María Ángeles Martínez was one woman kept at the Peña Grande facility while she was pregnant. She said about her experience, "I entered as a 19-year-old, in August of 1975. I was an orphan and I had just gotten pregnant, so my sister-in-law, who wanted to get rid of me, told me 'get dressed we're going', and without knowing where she was going, she brought me here." She described the nuns: "They told me what I was going to do with a daughter, how I was going to feed her, if they had thrown me out of the house, if I was a wretch, and she was going to be one too." She described the process of giving birth, "I was in the dilatation room, and with half a head already out and they told me that I had to walk alone to the operating room and get on the gurney. I went with all the care, but she was born with a deformed skull. When they saw it, they stopped insisting I give her to them. I think that's why I did not lose my daughter."

=== Repatriation of children ===
During the war, many parents sent their children to foreign countries, including Britain, France and Russia, out of concern. Franco, after winning the war, declared that those children needed to return to Spain, with or without parental permission. The regime turned the repatriation of the minors into a large propaganda operation. A 1940 law stated that the legal authority of children in facilities belonging to the human rights' group Auxilio Social ("Social Aid") would automatically be transferred to the state. That created a risk that parents would forever lose their children if they sent them to foreign countries.

== Later years ==
Victims' groups have stated that the baby kidnappings developed into a business that continued into the 1980s. In January 2011, the families of 261 babies who disappeared in hospitals over a period of fifty years put forward their cases to the attorney general in Madrid. This began when two brothers were told by their foster father that he had bought them from a priest; the pair then went to the media and the story spread, encouraging others to come forward. Evidence consisted of the testimony of nurses and people who admitted illegally adopting babies, with hospital staff, nuns and priests suspected of being part of an organised network. People underwent DNA tests in the hope of reuniting their families but there were few matches. Many graves of dead infants were dug up for DNA-testing but some contained no remains while others contained those of an adult. Lawyers involved in some cases estimate the number of abducted children to be up to 300,000.
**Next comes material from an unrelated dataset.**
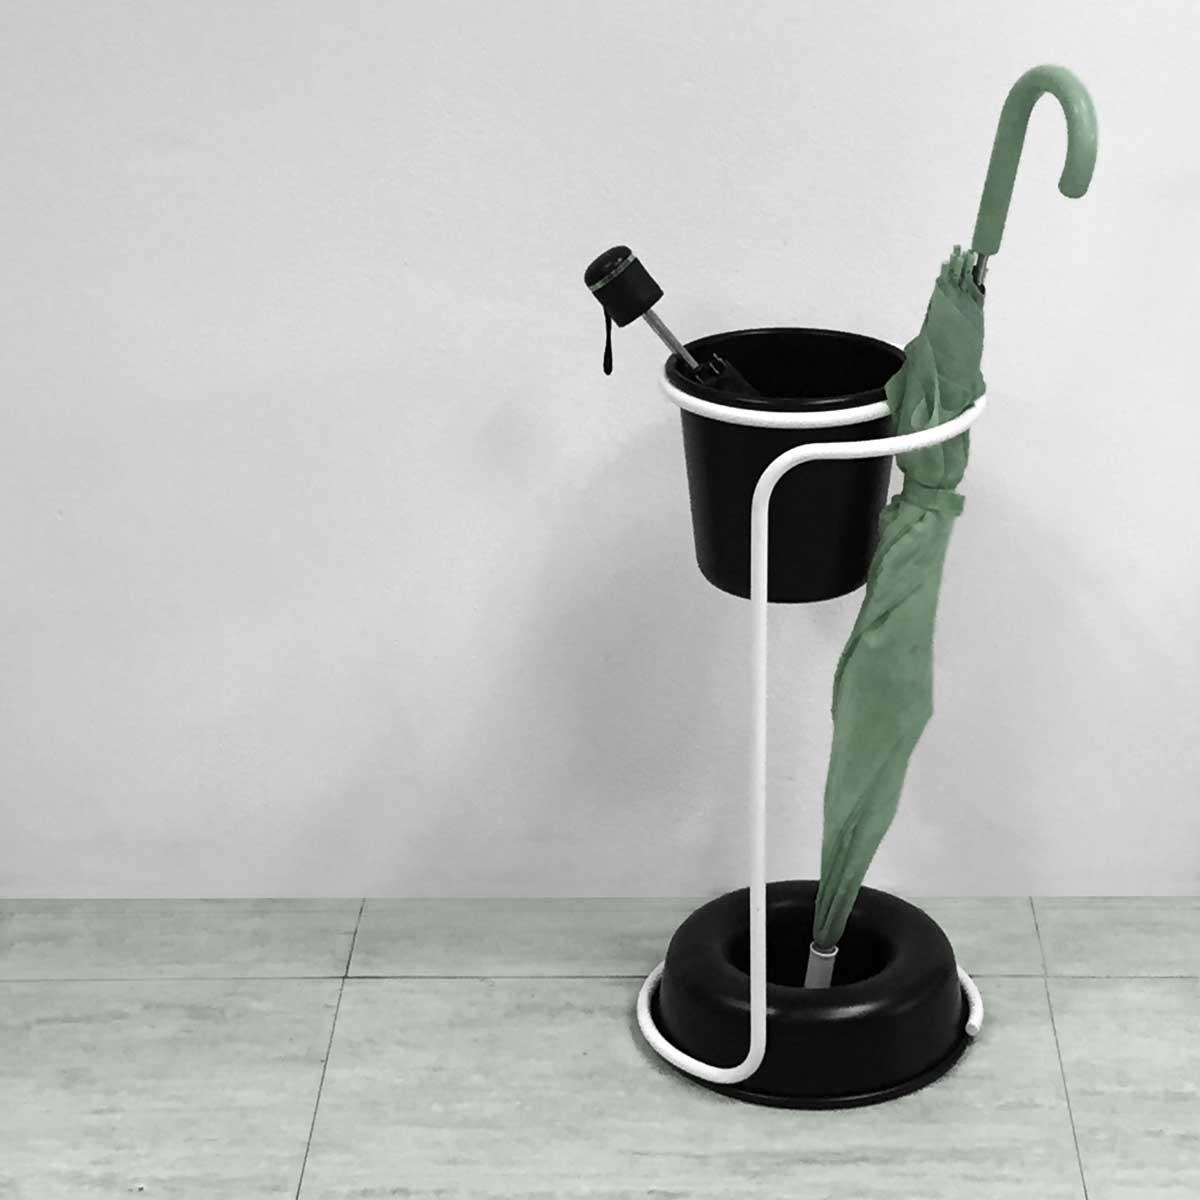 Francesco-Ruffa_Officinanove_Boa_umbrellastand_design_1

From 1941 to the early 1980s, the Women's Protection Board confined pregnant girls and young women deemed 'fallen or at risk of falling', even without having committed a crime, and stole their babies.

The Spanish Catholic Church had a controlling role in hospitals and social services because of Franco. The purpose of these abductions changed from ideological reasons to targeting parents, whom the network considered "morally- or economically-deficient" and in some cases, they charged money. Parents were mostly told that their children had died, and since the hospitals managed the burials, they never saw the bodies. In many cases the records went missing, either accidentally or because they were destroyed.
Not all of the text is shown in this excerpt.